> [Problem statement]: Copy out each line below verbatim, skipping any picture.

> [Dataset content]:

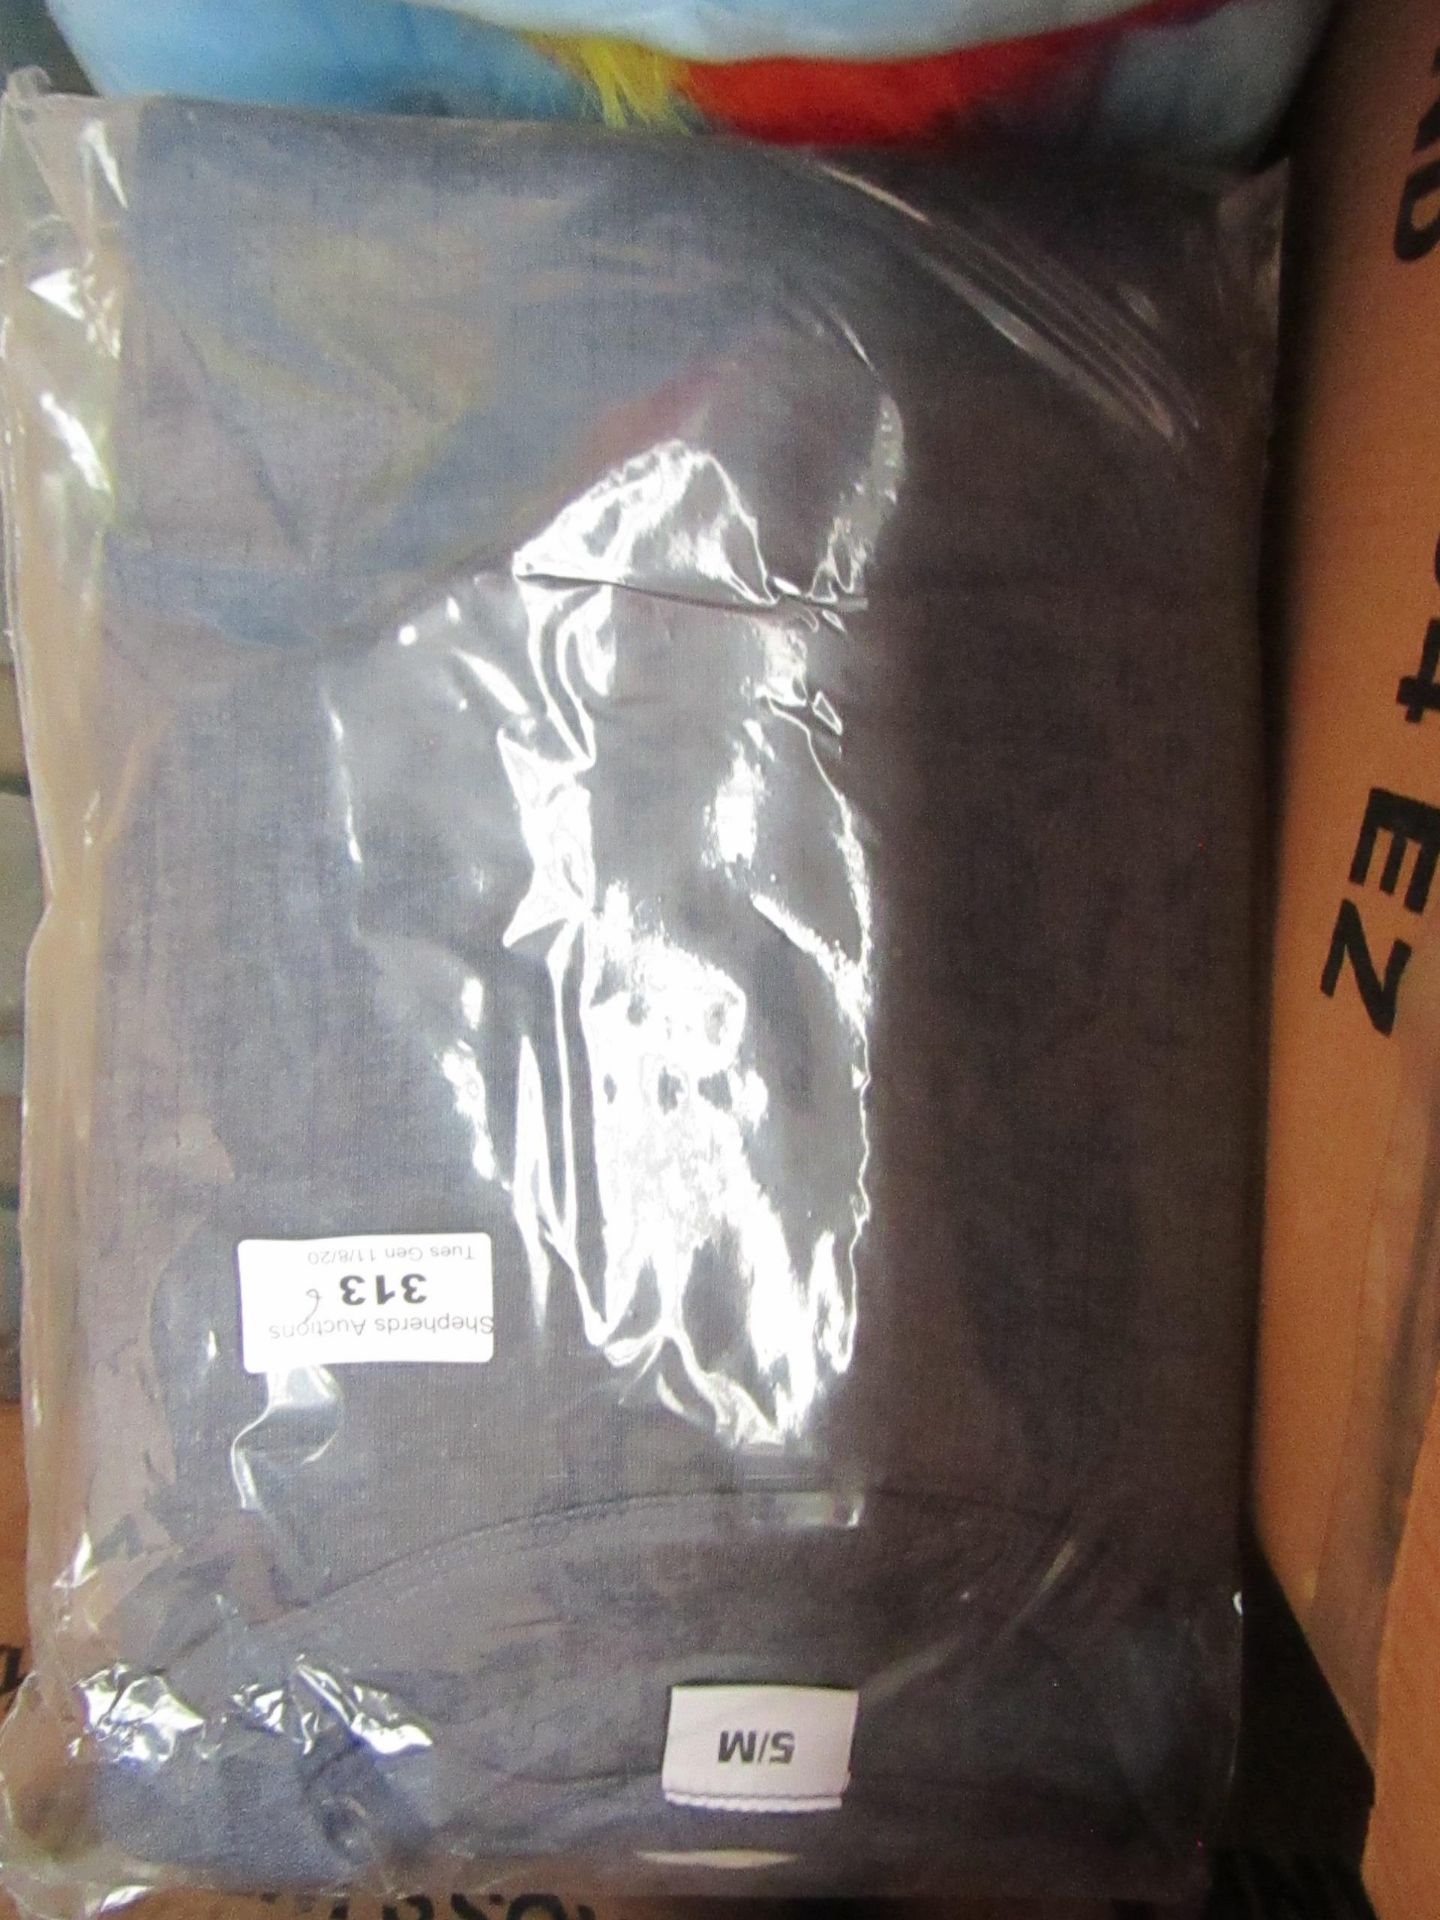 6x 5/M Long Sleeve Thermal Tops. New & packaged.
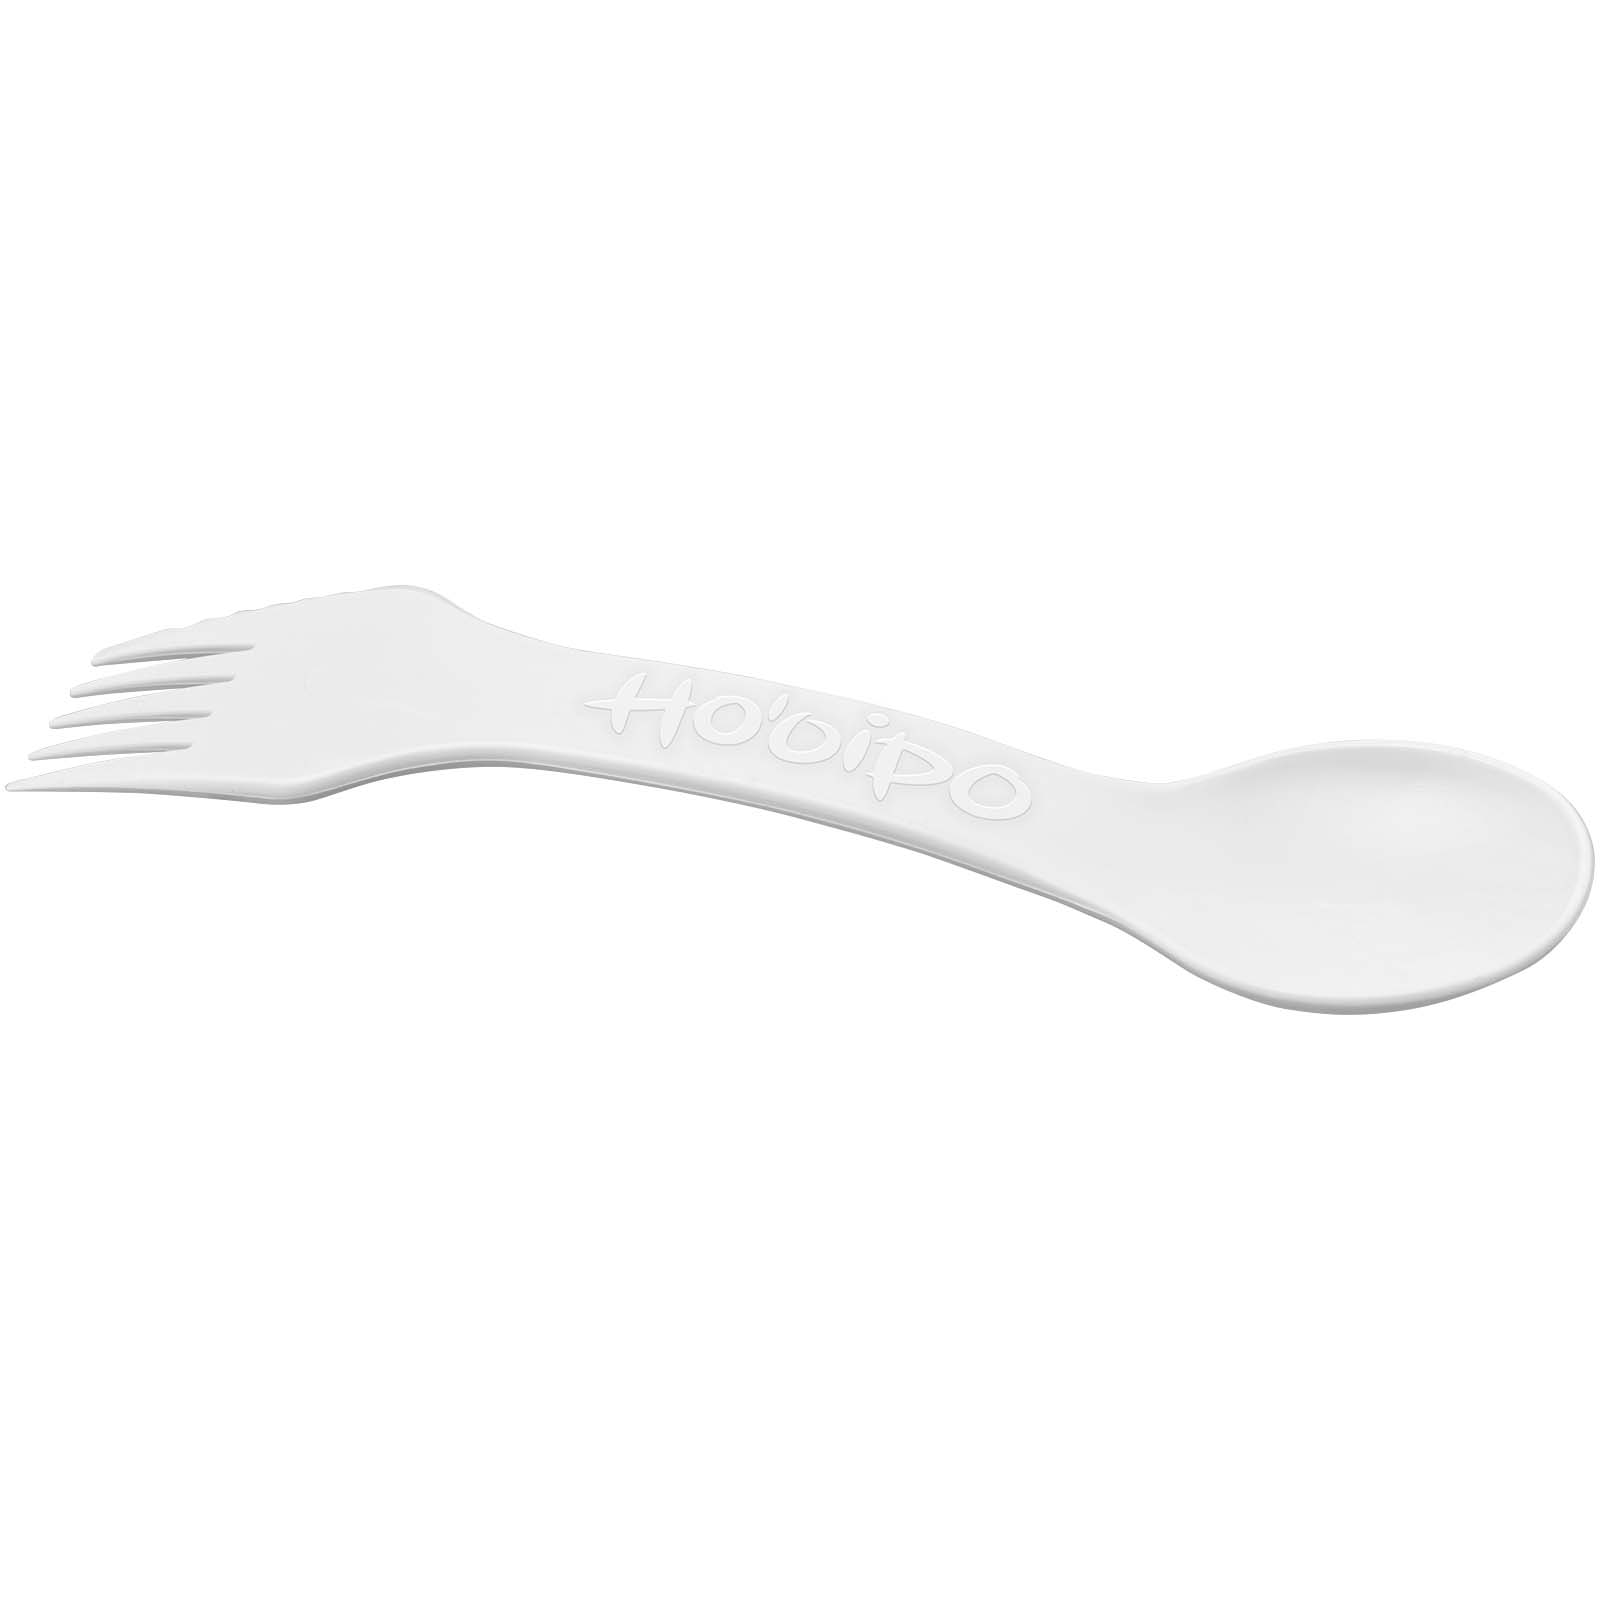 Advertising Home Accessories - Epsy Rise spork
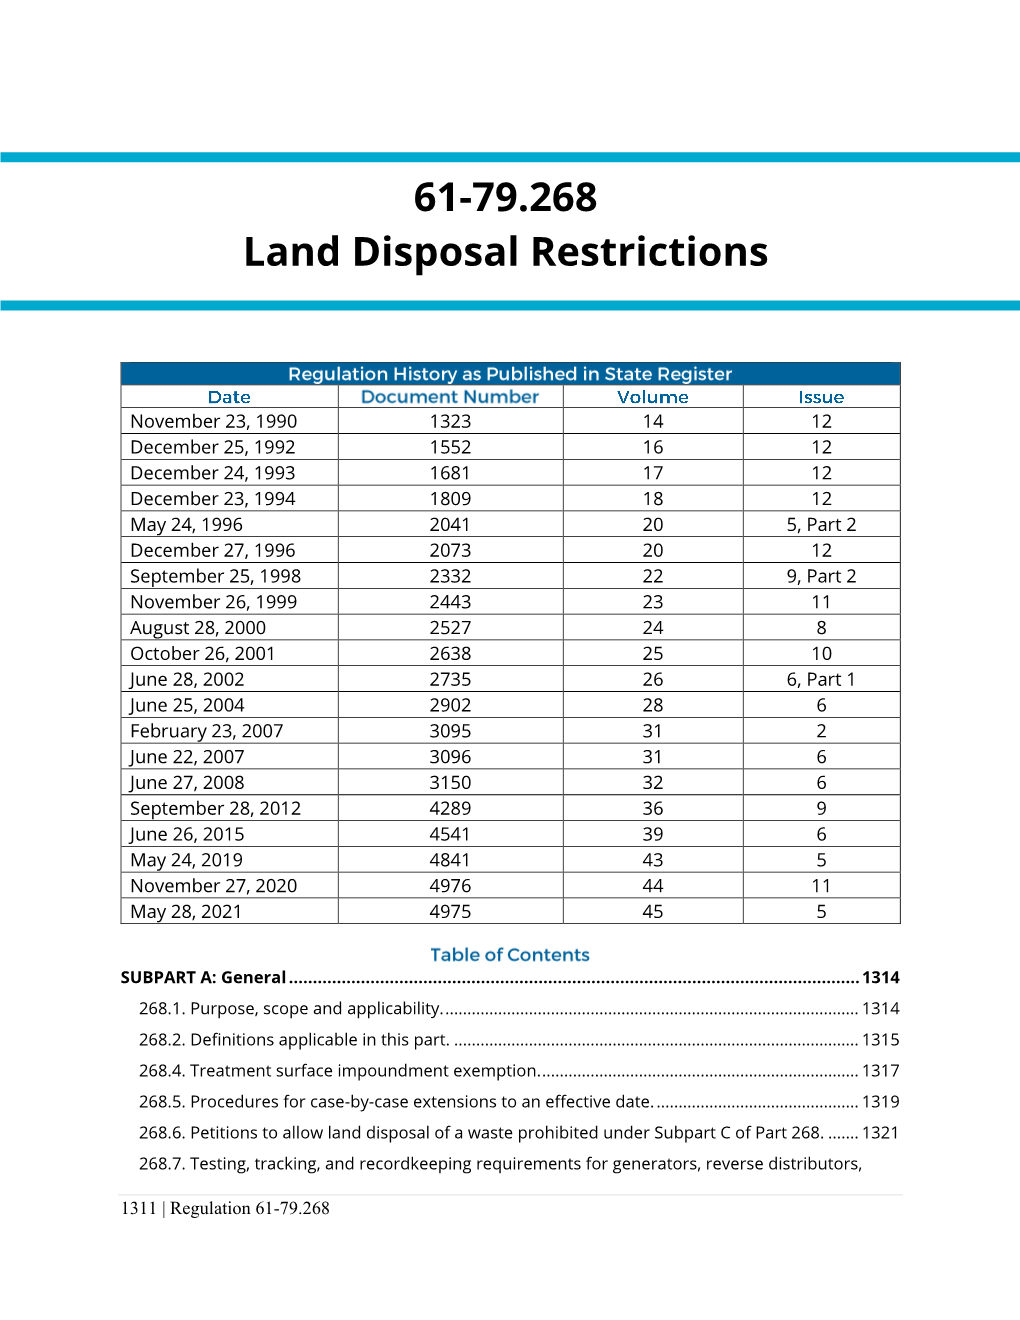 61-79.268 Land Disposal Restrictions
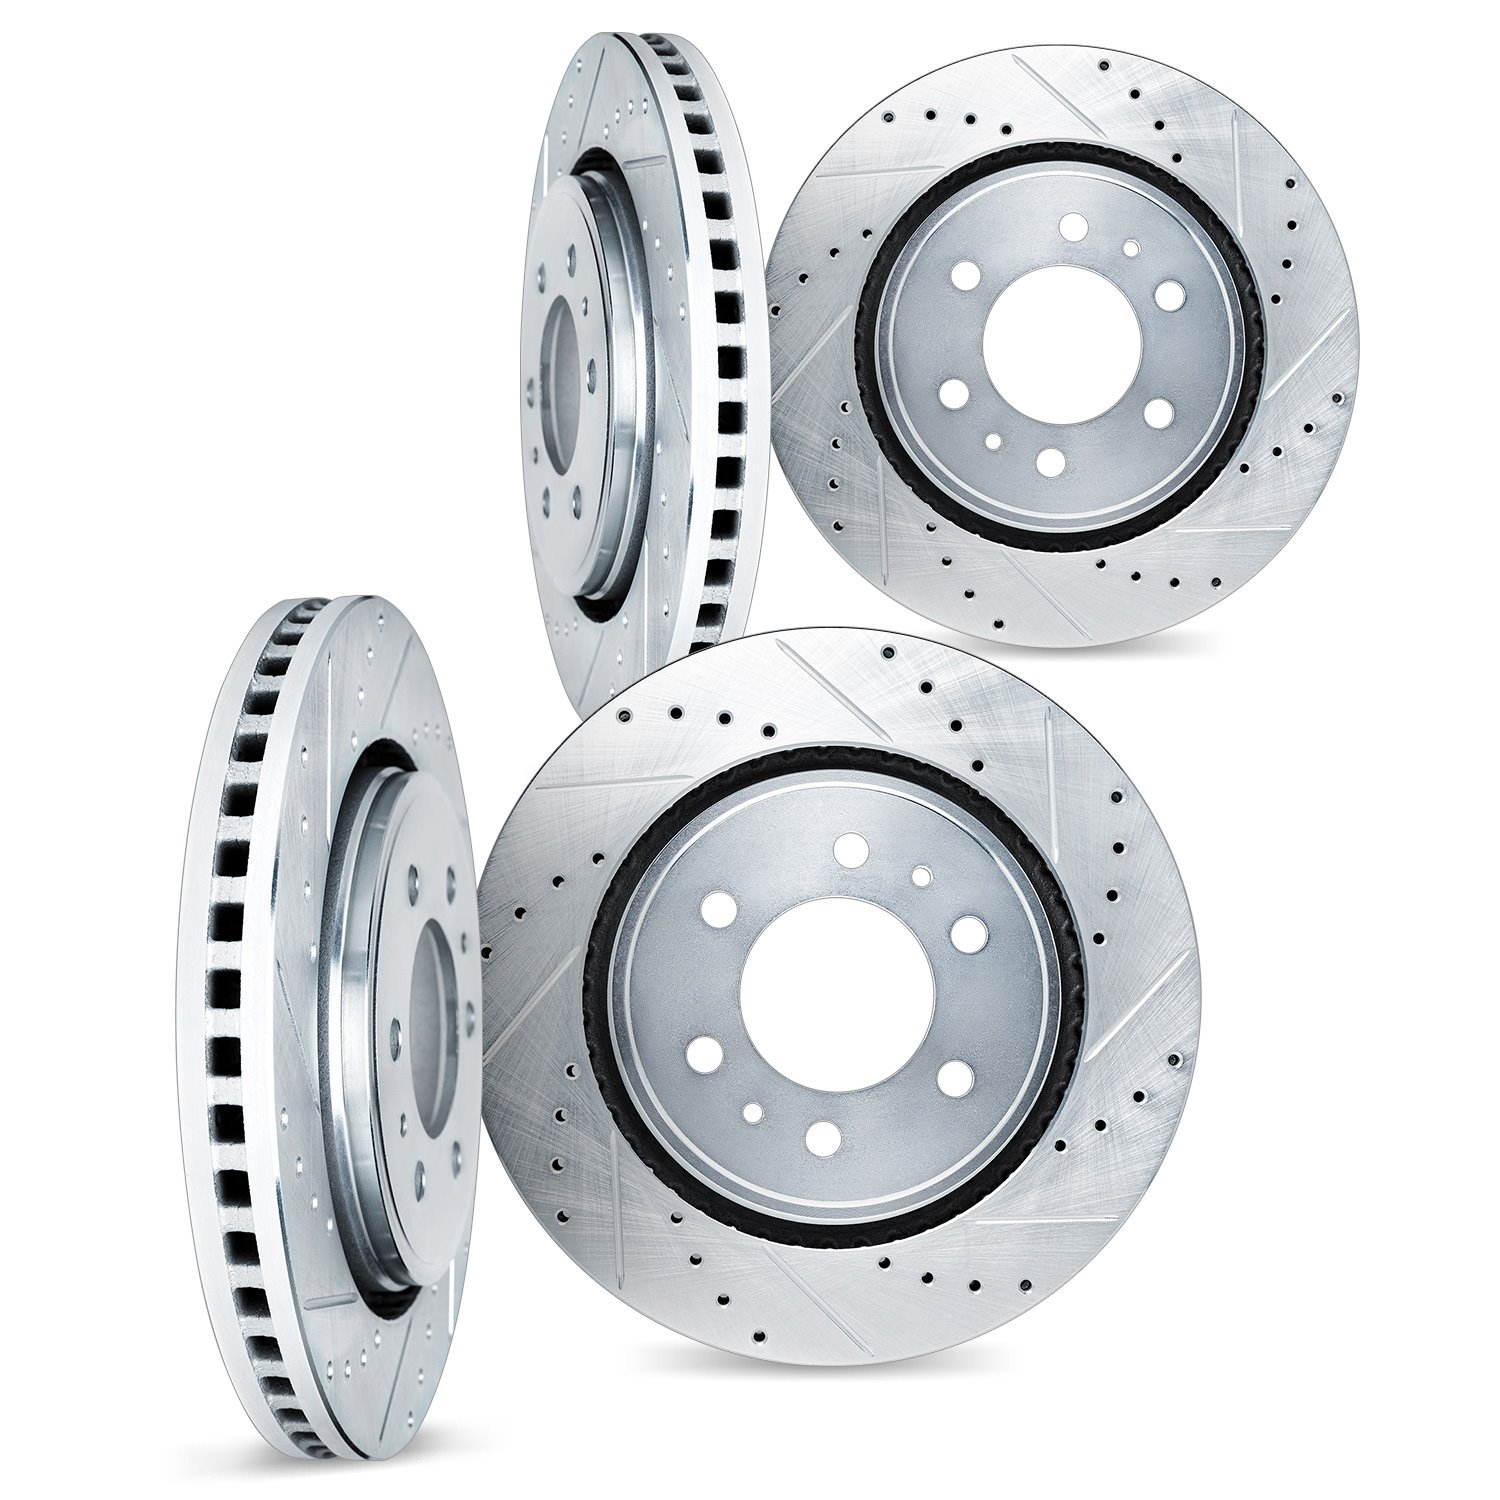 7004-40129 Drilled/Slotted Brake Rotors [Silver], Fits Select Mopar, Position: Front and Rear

> [The completed task]:
 6x 5/M Long Sleeve Thermal Tops. New & packaged.
 Advertising Home Accessories - Epsy Rise spork
 61-79.268 Land Disposal Restrictions
 7004-40129 Drilled/Slotted Brake Rotors [Silver], Fits Select Mopar, Position: Front and Rear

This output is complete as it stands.